The way we talk and the words we choose say a lot about what we think and value. When we use positive adoption language, we say that adoption is a way to build a family, just as birth is. Both are important, and neither is more important than the other.
Words not only convey facts they also evoke feelings.
For example, when a TV show, movie, article, or book talks about a “custody battle” between “real parents” and “other parents,” society gets the wrong impression that only birth parents are real parents and that adoptive parents aren’t real parents. Members of society may also wrongly conclude that all adoptions are “battles.”
Positive adoption language can stop the spread of misconceptions. By using adoption language, we educate others, we choose emotionally correct words over emotionally-laden words, we speak and write with the hopes of impacting others so that this language will someday become the norm.

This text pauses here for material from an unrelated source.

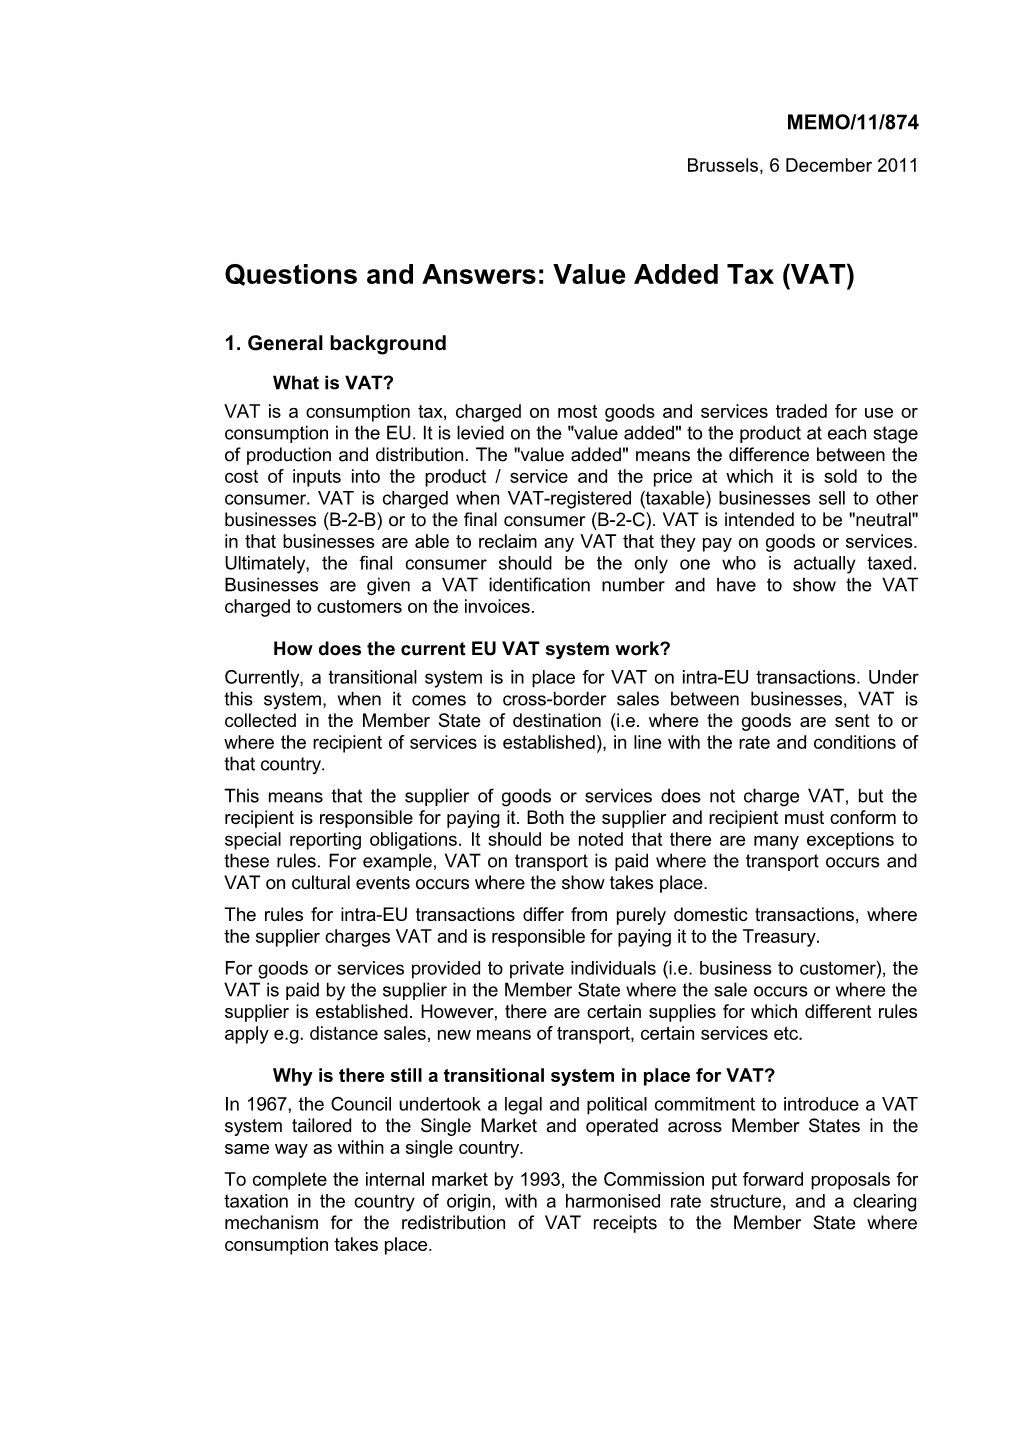 Questions and Answers: Value Added Tax (VAT)

By incorporating positive adoption language into conversations, you can help combat common adoption stereotypes while educating others. Using the Positive Adoption Language helps remove the negative stigma of adoptions past, shows respect for the adoption triad, and lessens the spread of adoption misconceptions. Here are five things to keep in mind when discussing adoption:
1.) It’s important to remember that although someone may be adopted into a family, they were still brought into it just as a child is when born into a blood-related family. It is not correct to say that someone is adopted, but was adopted. Couples asked the same set of “what if’s” and held the same fears before taking the step to parent. Adoption brings a gift of love, but thinking of the child as just a gift you can buy is not the way to go about it.

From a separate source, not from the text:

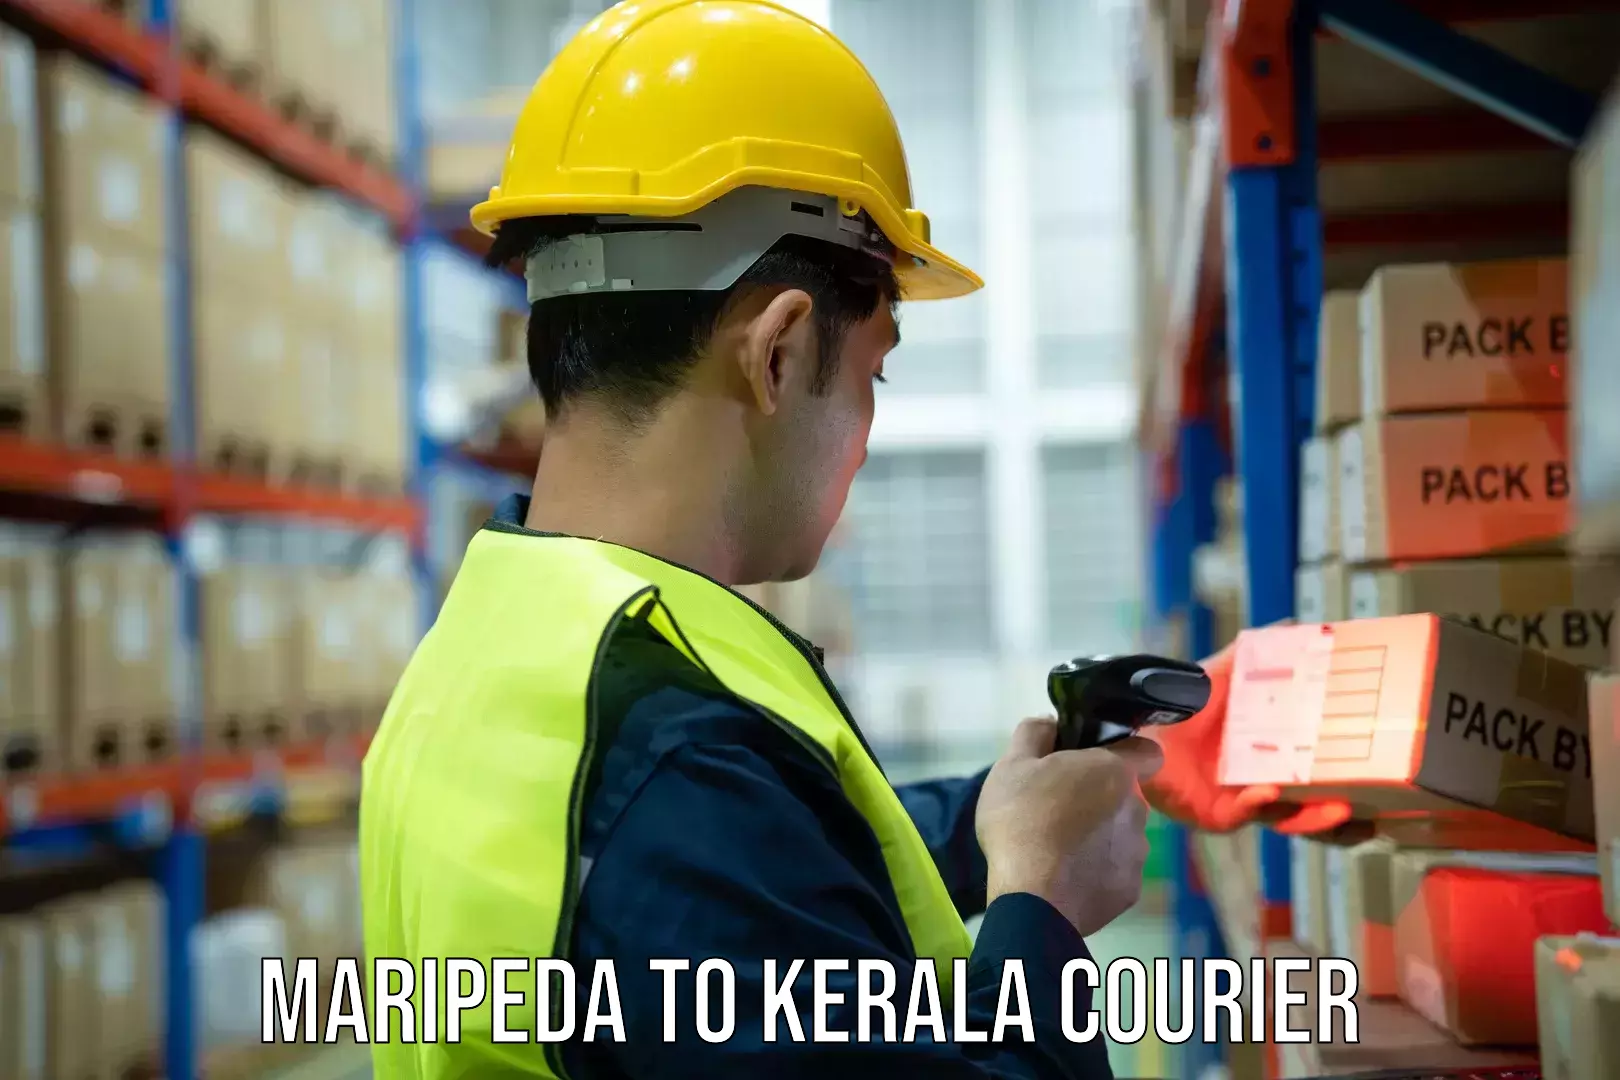 Next day courier Maripeda to Kerala

2.) “Do you know who your real parents are?” This is a question frequently asked to an adoptee. A parent is someone that has raised, guided, provided, and loved their child, regardless of how that came to be. Before asking a question like this, remember that the people raising this person are his/her parents and family. Saying that someone’s parents aren’t “real” is like saying your dog is a cat–it’s not true. It’s a great thing to ask questions, just always be aware that this person’s real life is the one they lead. Ask, don’t assume.

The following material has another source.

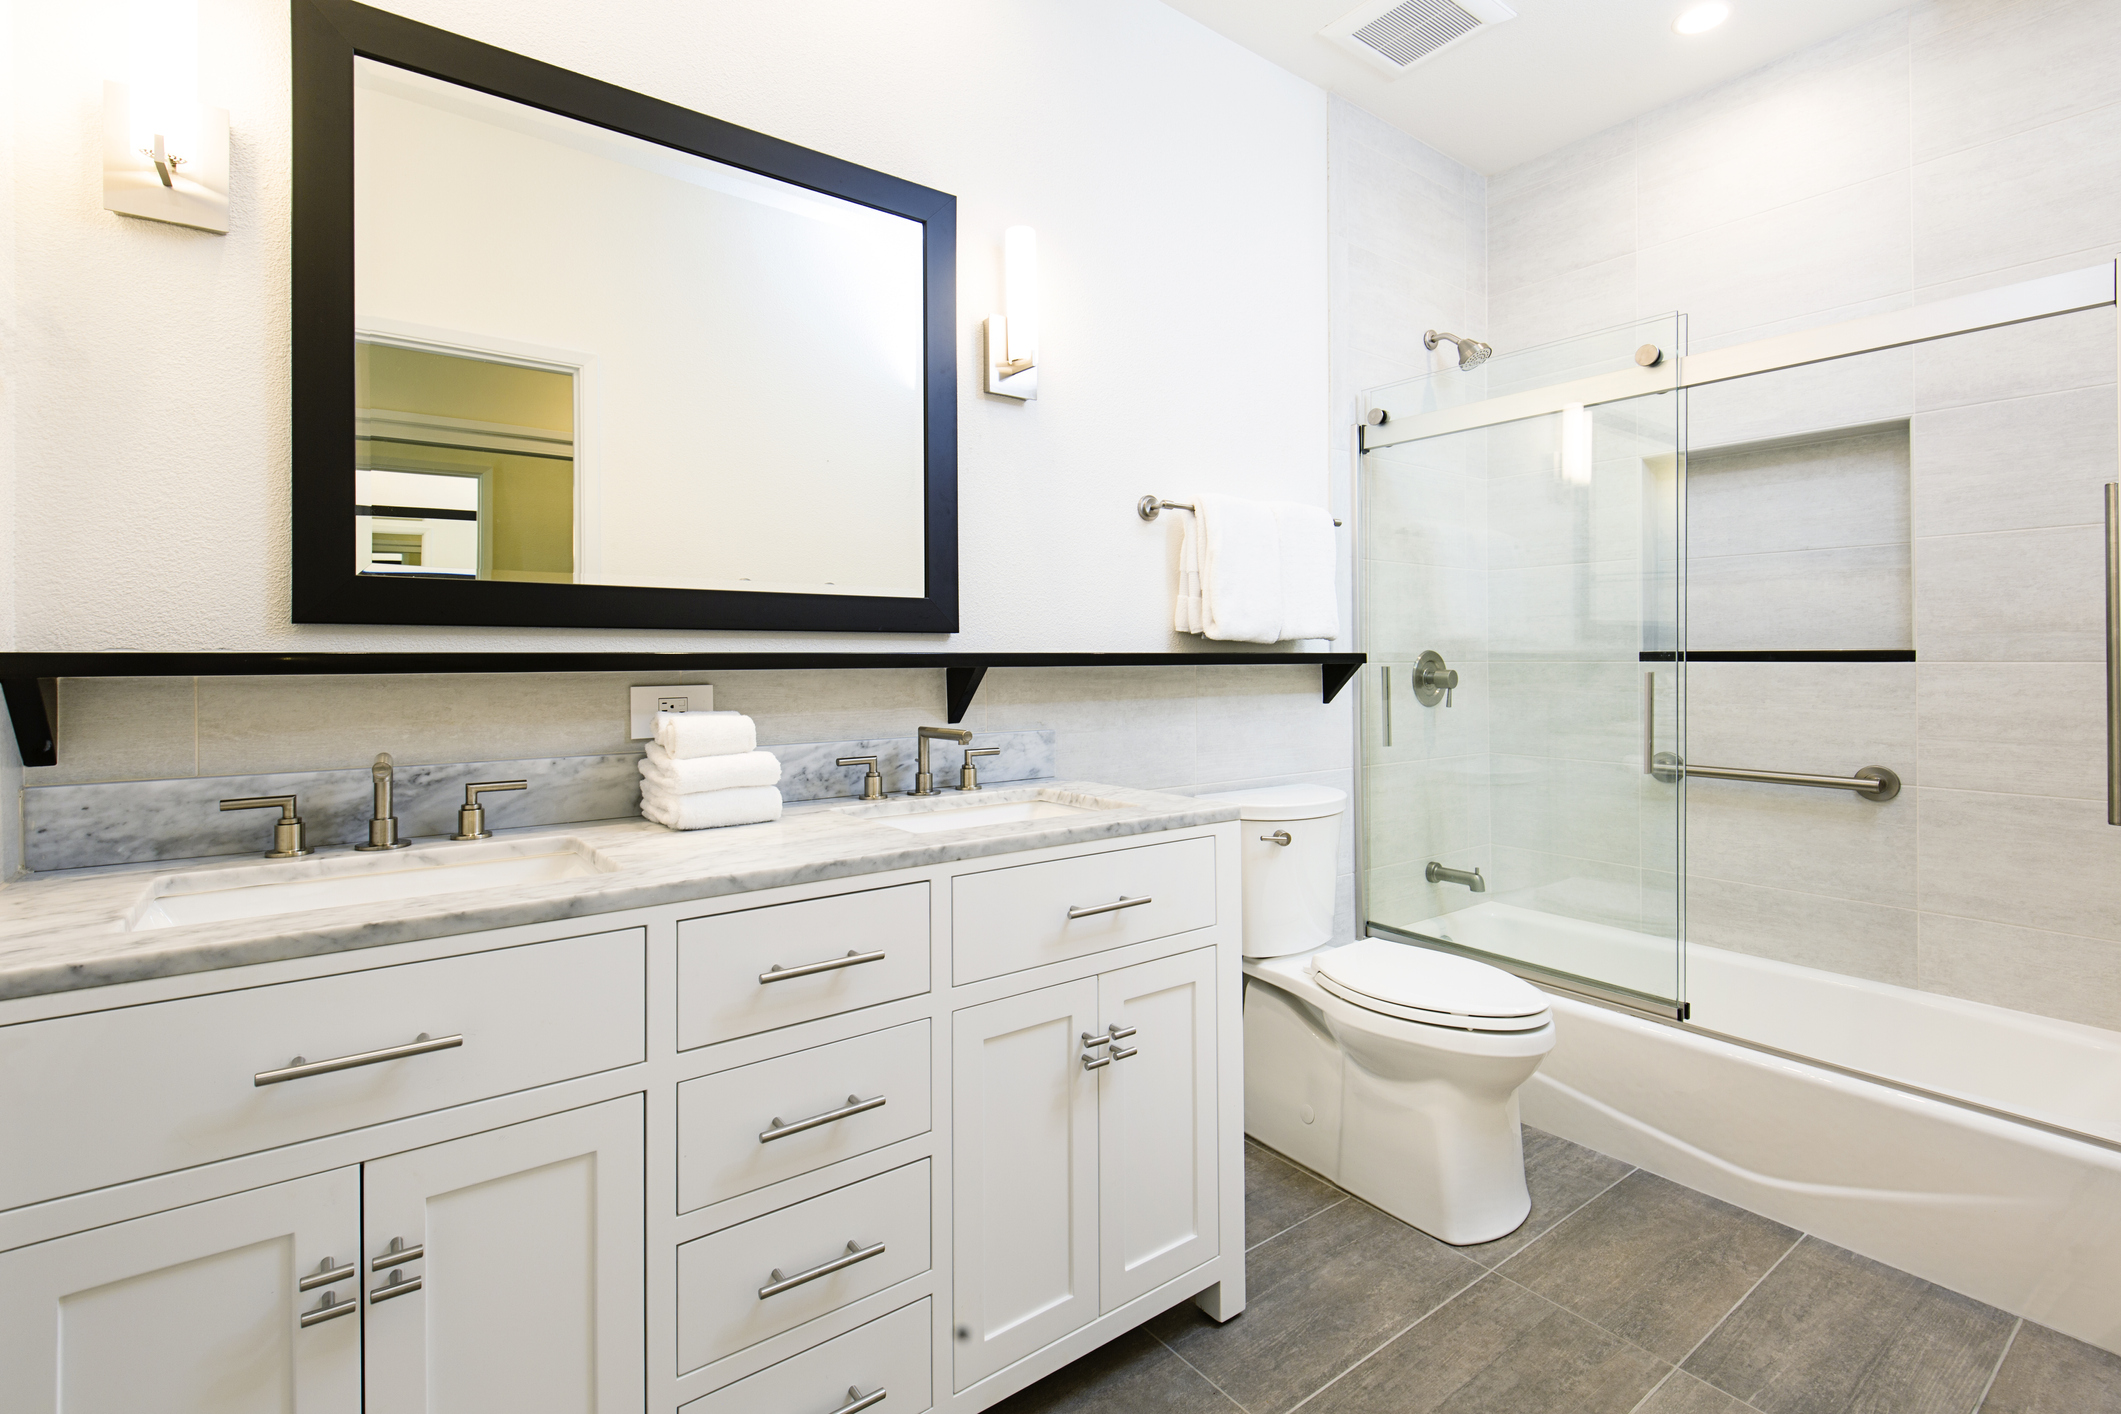 How Much Does A Bathroom Remodel Cost, Can You Remodel A Bathroom For 2000

3.) Adoptive parents can be put in situations where qualifiers are used. By saying or asking something like, “This is Judy’s adopted daughter” and “Do you have any children of your own?” can be hurtful and make a child feel like they are not actually part of the family they are in. In addition, the parent you’re asking can become easily offended. Every family, adoption, story, struggle, and decision is different. You wouldn’t say, “This is Judy’s left-handed daughter”, would you? The child isn’t “like one of their own” because he/she is one of their own. Adoption isn’t an identity or a character trait, simply a way that a child was brought into a family.
4.) The birth mother can also undergo a lot of emotional turmoil in regards to her decision. Because this mother chose to move forward with the adoption process does not mean that she has “given away” or “given up” her child. Those placing their child into the care of others have endless reasons as to why; their lifestyle isn’t fit for a child to be raised happily or healthily, they don’t have the means to raise the child, or maybe they just aren’t ready to be a parent–whatever reason they may have does not mean that the adoptee was “given up”, but put into a safe place. Remember that the mother chose the option of adoption to give a child the life they deserve.
5.) “I couldn’t raise someone else’s child” or “This child is so lucky to have you!” are things you should avoid saying altogether. They imply that their child isn’t theirs by choice and that although they get to parent a child, they’re still missing out on parenting a child they couldn’t conceive themselves. Although you may not be aware, this may entail that by taking in a child that they are doing some sort of charity work. Instead, try asking if they stay in contact with the birth mother or how the process went for them.